There is a reason why in every cartoon program the lady jumps on a chair when they see a mouse screaming.
I was sat on my bedroom floor when I saw a little brown dash. I knew what it was straight away and jumped on my bed. I stared under my desk where a brown head was poking out. I rang my brother, he was in a meeting and told me to catch it myself.
So I off I went to make a friendly mouse trap ( I knew that year supply of Lindt was going to come in handy.)
I stuck a bunch of cubes into a cardboard box and hoped for the best.
Anyway come Saturday the mouse hadn’t eaten my mint-chocolate Lindt bar but I hadn’t seen it so I assume it let itself out.
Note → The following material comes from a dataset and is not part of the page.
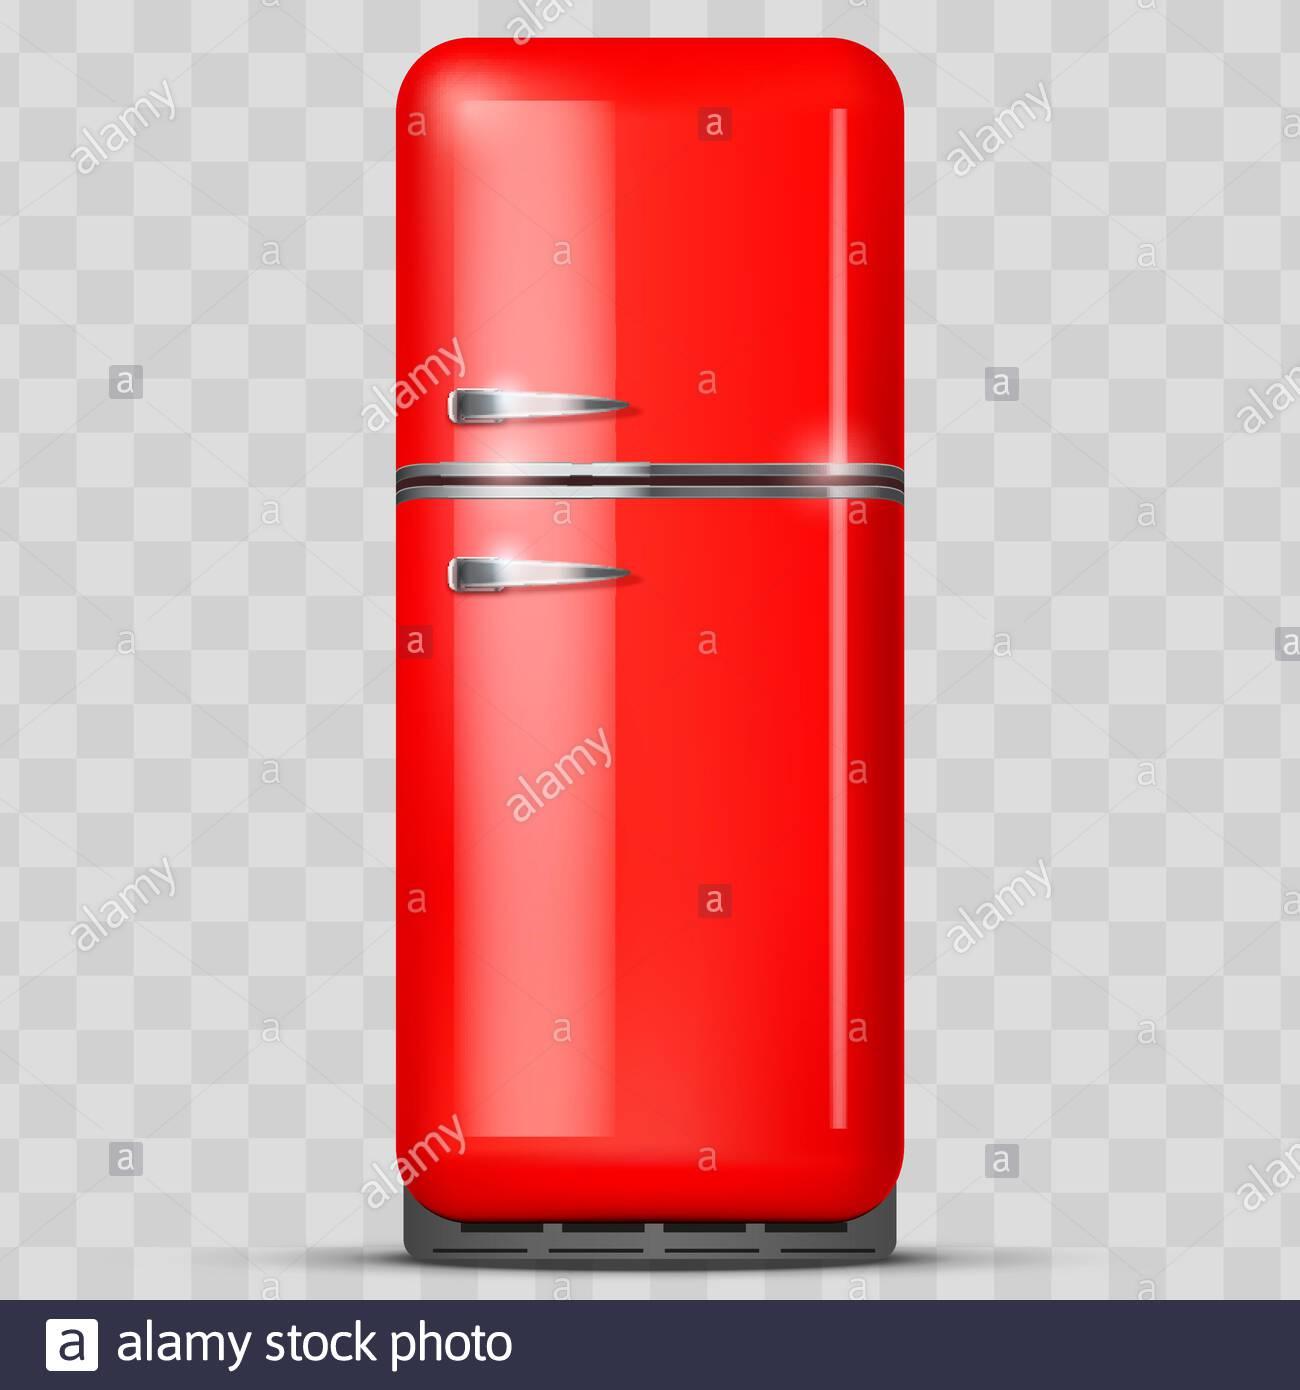 Vintage Fridge refrigerator Vector isolated on white background 1300x1390

I went to meet mum for a drink as she just arrived into London, she was suppose to be staying with me in the flat after an evening Hendricks session but when I told her about our fluffy visitor she went slightly pale.
“ I am going to book a last minuet room here, do you want to crash in it?”
I sat back in my velvet chair in the Polo lounge, sipping on my tinned Mayfair cocktail
other hand filled with the complimentary salted walnuts..
“well, if you insist i suppose i coulddd” (a disney world firework show is happening inside)
boy did I milk it:
What’s this? Caesar salad delivery?
o and 90% of the time i wore this:
i just want to say thank you mouse. thank you.